Leave Center's Site Plan Open to Change

Before a prospective tenant signs a lease for space in your shopping center, it will want to know certain information about the center to make sure that the space will be advantageous to its business. The information it's interested in will most likely include items like the location of the barriers, common areas, curb cuts, entrances, exits, loading zones, other tenants, and parking areas; the size of spaces; the means of access to a space; and the size and location of the center's buildings.

Before a prospective tenant signs a lease for space in your shopping center, it will want to know certain information about the center to make sure that the space will be advantageous to its business. The information it's interested in will most likely include items like the location of the barriers, common areas, curb cuts, entrances, exits, loading zones, other tenants, and parking areas; the size of spaces; the means of access to a space; and the size and location of the center's buildings.

Once a tenant makes its decision to rent space in the center based partly on these items, it'll want to nail them down. After all, a tenant that bases a financial decision on them will want to make sure that they don't change later. But be careful when providing site plans to a tenant. Don't lock yourself into plans for your center that you may want to change later without a hassle from the tenant.

Keep Site Plan Simple

“During negotiations, owners may use a site plan, which is usually a depiction of the general layout of the ultimate buildout of the property, to show the prospective tenant where things will be located at the center,” says Northern Virginia real estate attorney and Insider board member David S. Houston. If the tenant approves of the site plan, it typically will be attached to the lease.

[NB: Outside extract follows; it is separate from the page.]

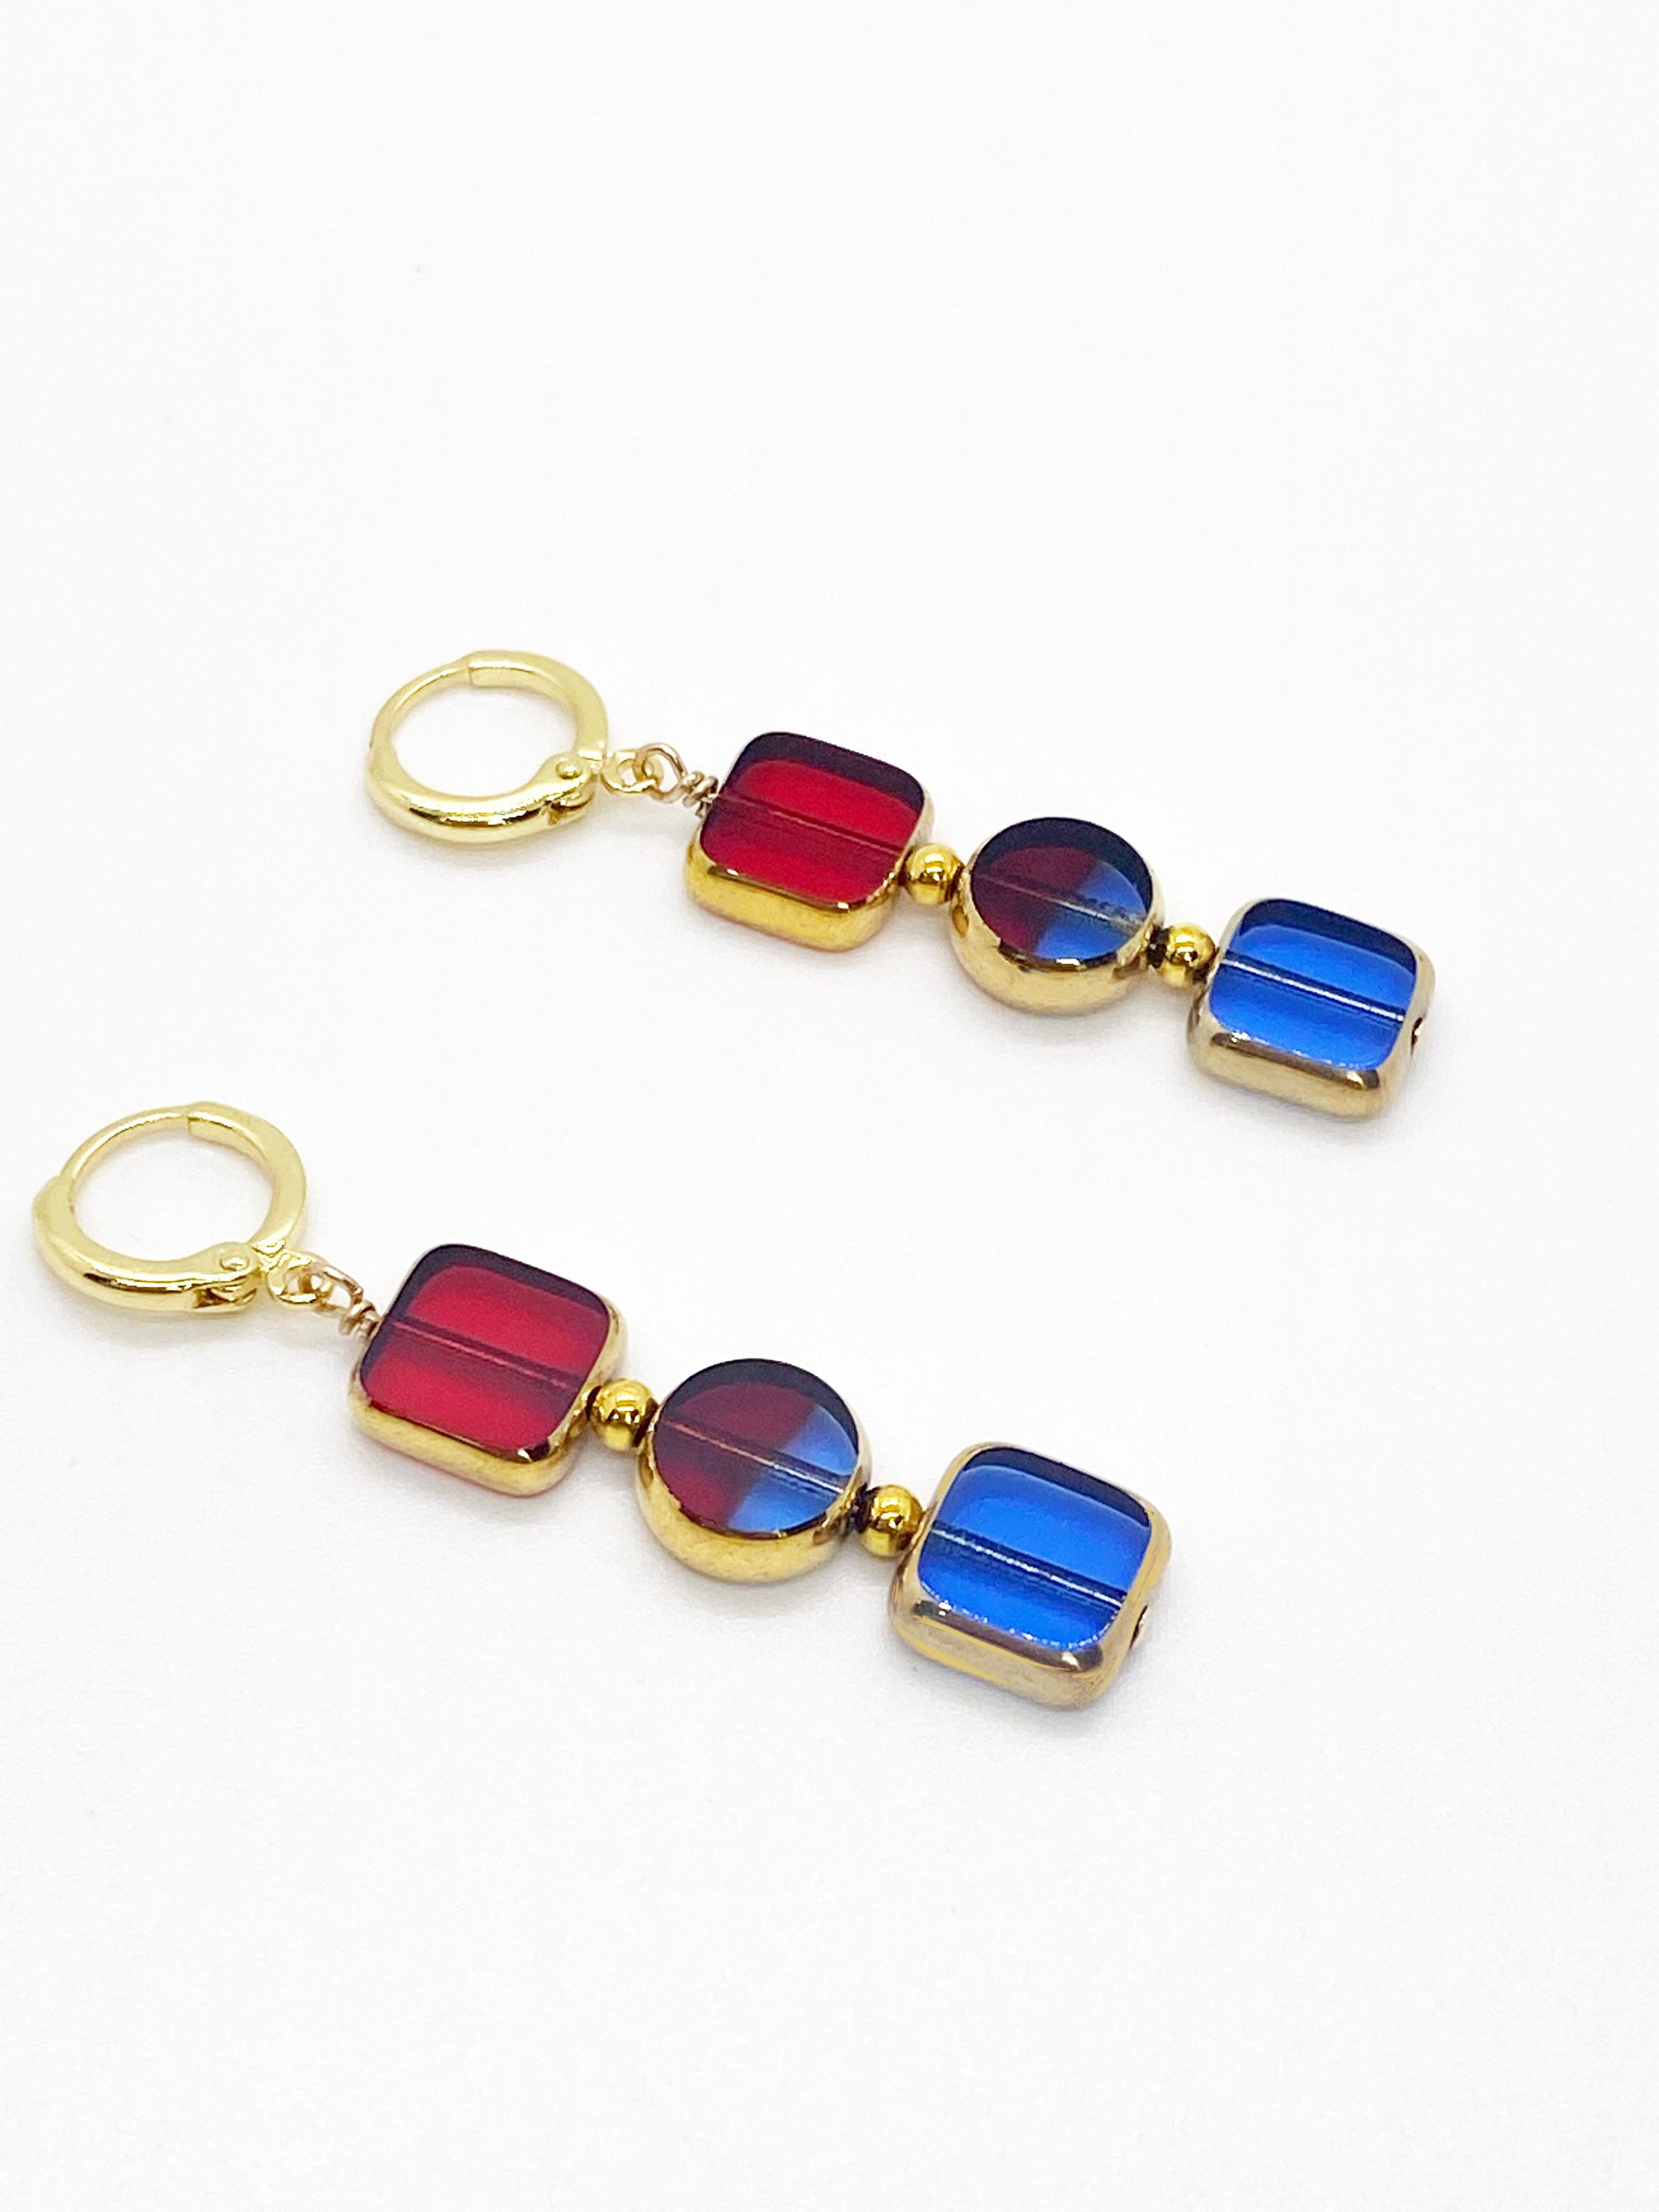 Each earring is composed of 3 vintage translucent glass beads. The glass beads are framed with 24K gold and were handmade in Germany between the 1920s - 1960s. They are now considered rare and collectible. The beads dangle on 24K gold-filled earring

Site plans vary and, depending on the size, leverage, and bargaining power of the tenant, can be very general in nature or very specific, Houston points out. “Typically, tenants try to negotiate in specificity, whereas owners try to keep the site plan as general and nonbinding as possible,” he adds. Large tenants especially are more likely to push for binding plans. “Anchor or big box tenants probably can dictate where buildings can or can't be located now or in the future, the height of new buildings, and how many buildings and outparcels are allowed,” notes Houston.

Because the site plan is a significant part of the leasing process—often used in marketing for the property, discussed early on in negotiations, and included in the letter of intent—a tenant will want to have some control over whether you can make changes to the site plan and, if you want to change the property later, could try to claim that it relied on the site plan when making its decisions, says Houston. If a detailed site plan turns out not to be exactly accurate, the tenant might try to get out of its lease or sue you for misrepresentation. You could end up going through costly litigation if the tenant sues you for violating the lease or tries to stop your construction work.

By keeping a site plan as simple and vague as possible, it allows you to change the details of your site plan without the tenant's consent. It's important to reserve your right to modify the site plan.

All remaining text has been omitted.